If the severity level of the error is major, the action is carried out when the total number of errors reaches the threshold value. After the threshold value is crossed, for every occurrence of the error, an action is carried out.
(Optional) Configure the minor error level threshold and action. A minor error is an error that results in the loss of a single packet but is fully recoverable.
If the severity level is minor, the action is carried out only once when the total number of errors reaches the threshold value

Starting with Junos OS Release 18.1R3, MX Series routers support configuration of error thresholds and actions at the error scope and error category levels. Use the command set chassis fpc fpc-slot error scope error-scope category category (fatal | major | minor) threshold error-threshold action (alarm | disable-pfe | get-state | offline | log | reset | trap | online-pfe | reset-pfe) to configure a threshold and action for a particular error scope and category at the FPC level. You can also configure these features at the chassis level (at the [edit chassis] hierarchy). However, threshold and action configured at the [edit chassis fpc] hierarchy overrides the same configuration at the [edit chassis] hierarchy.

You can use the command show chassis fpc errors to view the error information at the error scope and category level.

For Junos OS Evolved, you can use the following show commands to view the error information:

show system errors count—Displays system-wide errors and its count.
show system errors active—Displays current active errors in the system.
show system errors active fpc <slot number> —Displays active errors for the specified FPC.
show system errors fru detail—Displays detailed FRU-specific error.
show system errors fru detail fpc <slot number>—Displays information about detected errors based on the FRU.

If you have configured the action log against a particular error threshold, the system logs the event when the error count breaches the set threshold. The following sample syslog messages indicate an error threshold breach and the resultant action being taken:

The offline, reset, disable-pfe, offline-pfe and reset-pfeactions are mutually exclusive with respect to configuration. The specified PFE is disabled automatically, if offline-pfe or reset-pfe is configured.

Note: A default FPC major alarm action is added for MPC6E. The option disable-pfe is available from Junos 17.4 and later versions.
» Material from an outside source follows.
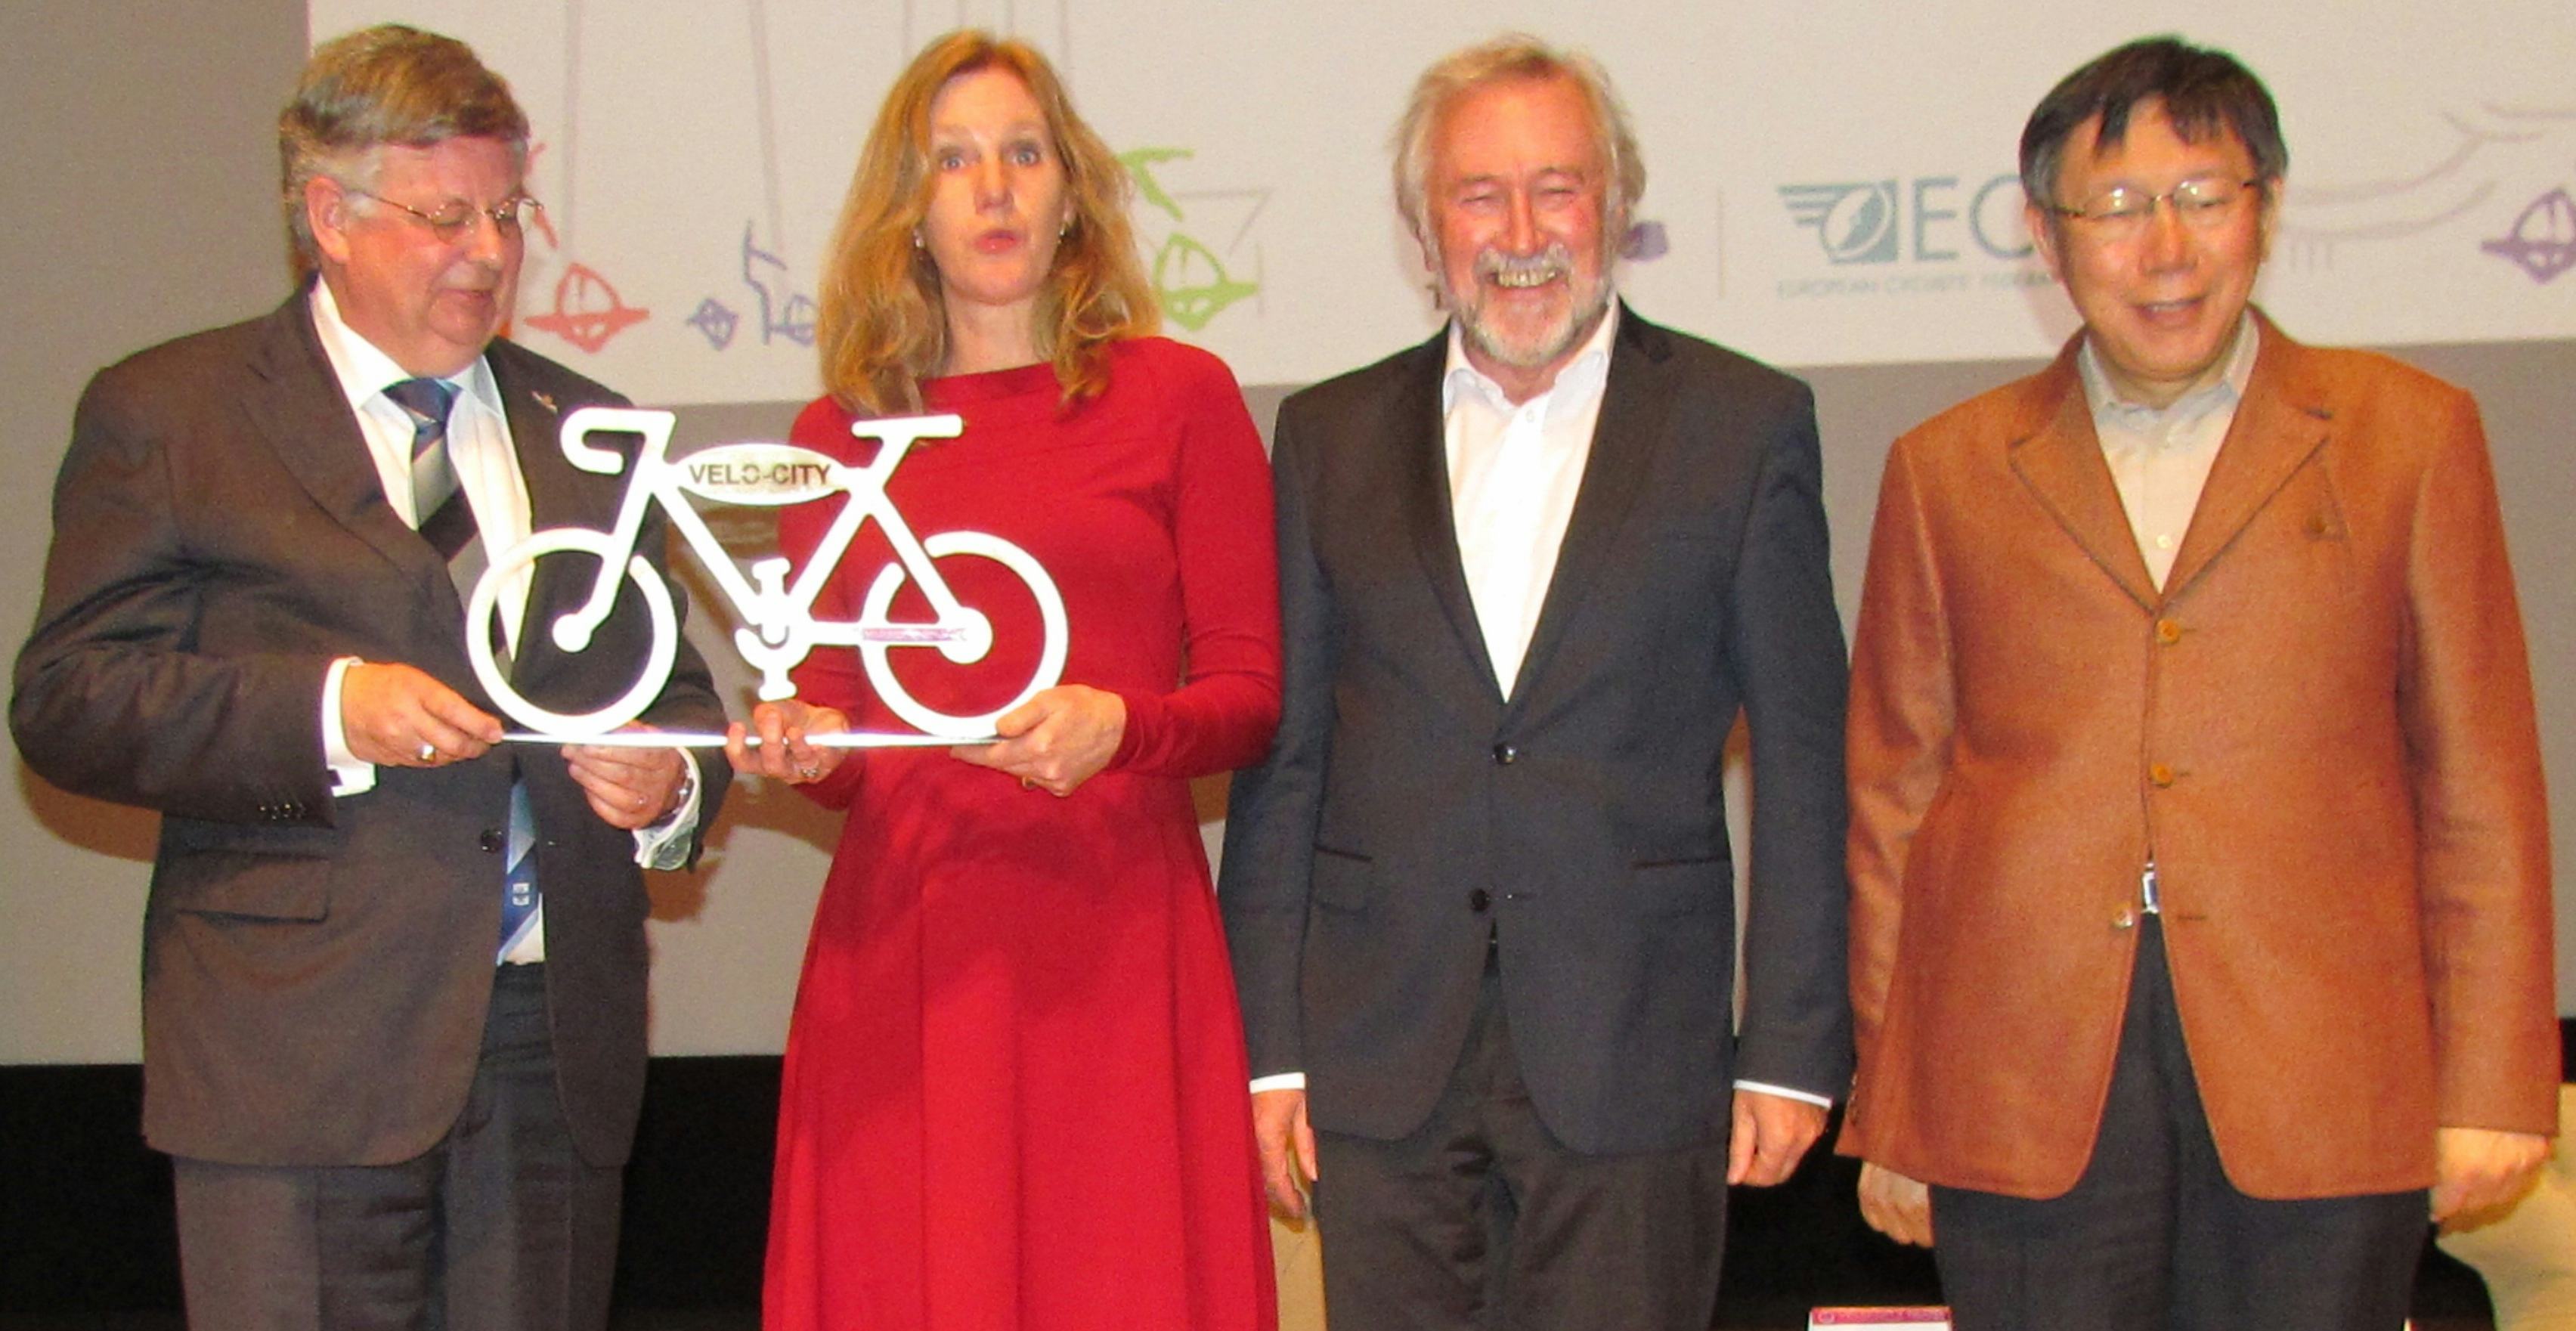 2017年自行車全球城市大會由荷蘭阿納姆市和奈梅亨市聯合主辦。荷蘭阿納姆市市長Herman Kaiser(左)與奈梅亨市副市長Harriet Tiements由ECF主席Manfred Neun和台北市長柯文哲手中接下了自行車全球城市大會的精神象徵。-Photo Bike Europe

The following table provides details about PFE error mapping actions and the system response:

Table 1: PFE Error Mapping Action and Response
Action	Response
`disable-pfe`	Disables all PFE interfaces, alarms and logs.
`offline`	Takes the FPC offline, disables the alarms and logs.
`reset`	Takes the FPC offline and resets to online, enables the alarms and logs.
`reset-pfe`	Powers-off the PFE, disables the alarms and logs, then, powers-on the PFE, enables the alarms and logs.
`offline-pfe`	Powers-off the PFE, disables the alarms and logs,

Example: Configuring FPC Error Detection and Self-Healing on T Series Core Routers

This example shows how to configure error detection and self-healing on a Juniper Networks T Series Core Router with Type 5 FPC.

Requirements
Overview
Configuration
Verification

Requirements

This example uses the following hardware and software components:

Juniper Networks T4000 Core Router with Type 5 FPCs.
Junos OS Release 13.3 or later.

Before you proceed, ensure that the required connections are complete and the interfaces are functional.

Overview

FPC error detection and self-healing involves configuring a set of actions to be performed on each FPC, when the number of errors for a particular severity increases beyond a user-configured threshold. The error severity is categorized into fatal, major, and minor. Recovery actions include raising an alarm, generating log entries, getting the current state of the FPC, restarting the FPC, taking the FPC offline, and resetting the FPC. For a particular FPC and error severity, you can configure the error threshold to any value within the allowed limits and map the threshold to an action. In this example, you will set these errors on FPC 0 in Juniper Networks T4000 Core Router.

Configuration

To configure the error detection and self-healing, you need to set the error severity, threshold values corresponding to each error severity, and actions to be performed when the threshold value is crossed.

CLI Quick Configuration
Configuring the Error Detection and Self-Healing
Results

CLI Quick Configuration

To quickly configure this example, copy the following commands, paste them into a text file, remove any line breaks, change any details necessary to match your network configuration, and then copy and paste the commands into the CLI at the [edit interfaces] hierarchy level.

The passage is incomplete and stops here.